América do Sul

Uma multidão abarrotou as ruas para oferecer uma majestosa recepção a Luis Suárez no Nacional

Desde o aeroporto até o Gran Parque Central, a torcida do Nacional demonstrou seu carinho por Suárez e levou o ídolo às lágrimas

O lado tricolor de Montevidéu desfrutou de um domingo inesquecível. Os torcedores do Nacional viveram um dia de comunhão, em que celebravam o amor pelo clube incorporado em um ídolo. Luis Suárez não disputou tantas partidas em sua primeira passagem pelo Bolso, mas se eternizou como um querido prata da casa que virou herói de todo o país. Este seria o dia de reabrir os portões do Gran Parque Central para receber o craque de volta, rumo a uma promissora estadia durante os próximos três meses. E se o Pistoleiro sublinhou sua relação apaixonada com o Nacional para voltar, o restante da torcida correspondeu com muito carinho na apresentação de seu componente mais ilustre, que agora vestirá a camisa 9.

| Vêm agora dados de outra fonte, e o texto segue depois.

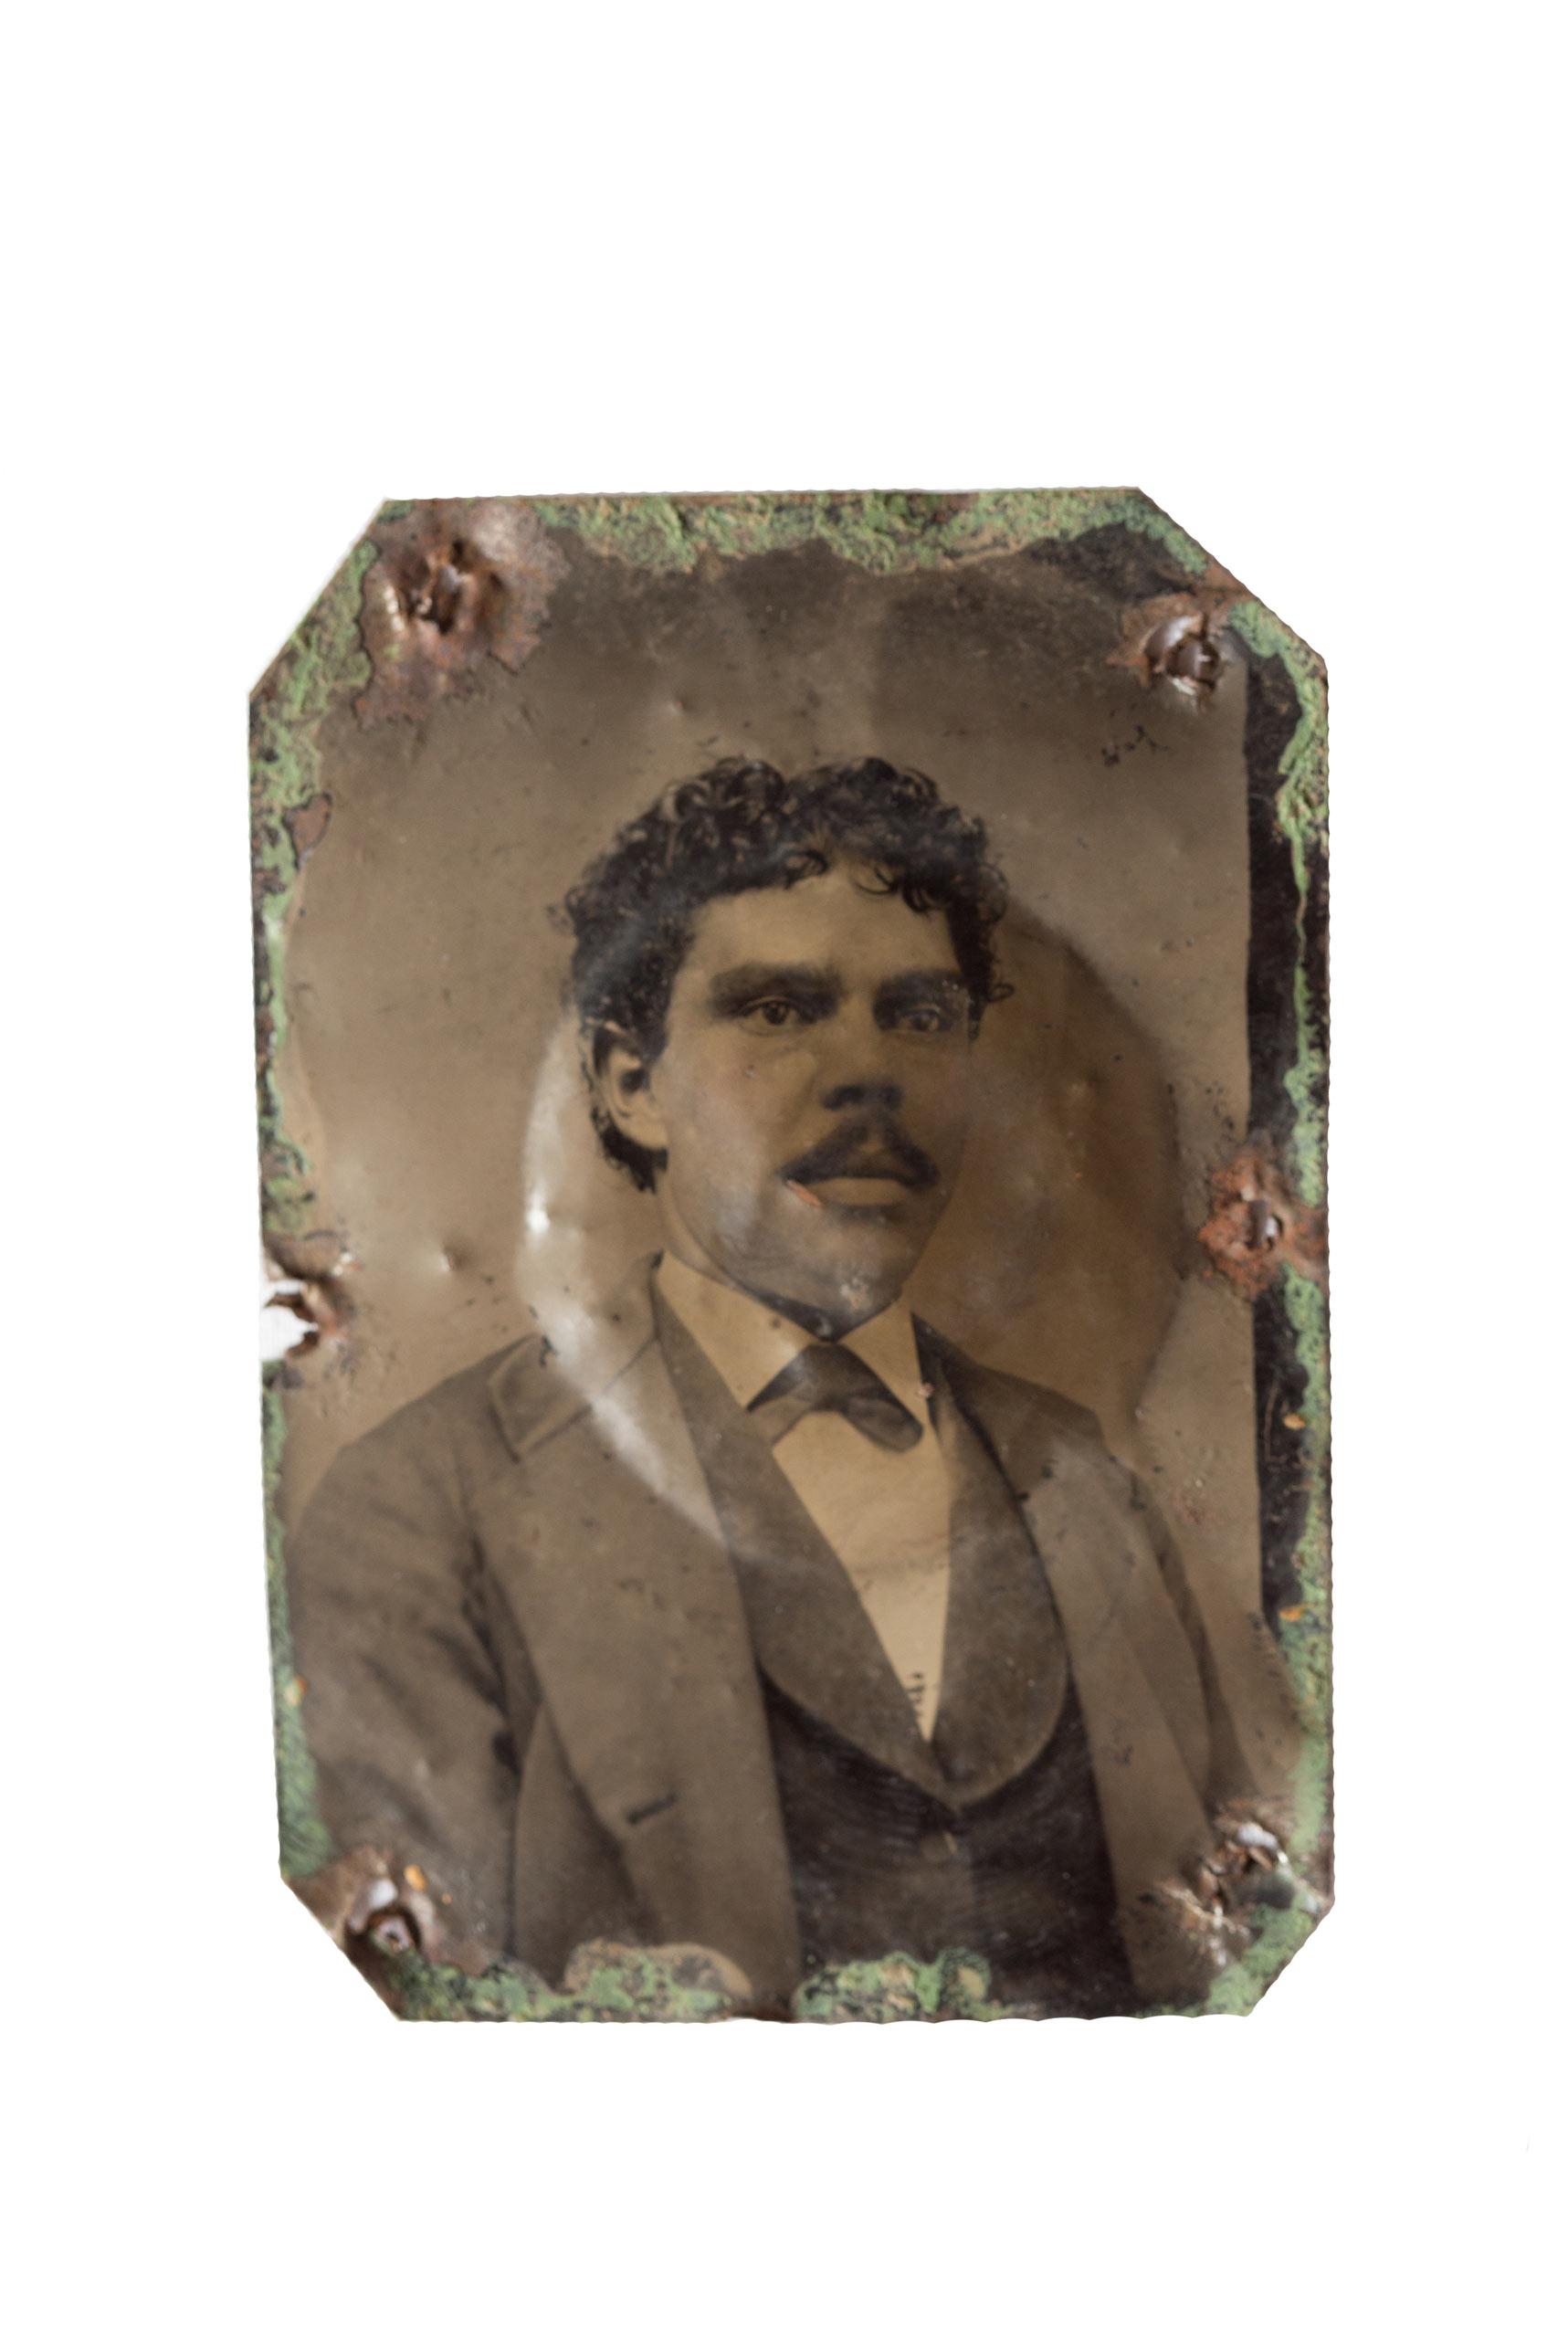 Unidentified Native American man.

Luis Suárez desembarcou em Montevidéu neste domingo, num jatinho emprestado pelo amigo Lionel Messi. Saiu diretamente para o Gran Parque Central, onde tinha um compromisso com a torcida tricolor. O centroavante atravessou Montevidéu numa van e, ao longo das ruas, encontrou-se com uma multidão que se reunia desde o aeroporto. O inverno gelado não era impeditivo para que a recepção, que acontecia a quilômetros do estádio. Milhares de pessoas saíram para ver o ídolo de relance, para gritar seu nome, para acenar. Até um avião cruzou o céus carregando uma faixa com o nome de Luisito. Era esse o tamanho da comoção provocada.

Mesmo sabendo da paixão do povo uruguaio pelo futebol e da massa tricolor pelo Nacional, Suárez certamente se emocionou dentro do veículo. Não seria diferente com sua esposa e seus três filhos, também presentes. Esse sentimento à flor da pele é que rege o retorno a Montevidéu, aos 35 anos, para se preparar àquela que deve ser a última Copa do Mundo de sua carreira. Desde que foi aventada a possibilidade de volta ao Bolso, sugerida pelo próprio Luisito, a torcida embarcou na aventura. Passou a bradar pelo atacante e até vestiu sua máscara aos milhares nas arquibancadas. Depois da confirmação do acerto, o domingo guardou o primeiro ato de tal reencontro.

(DANTE FERNANDEZ/AFP via Getty Images/One Football)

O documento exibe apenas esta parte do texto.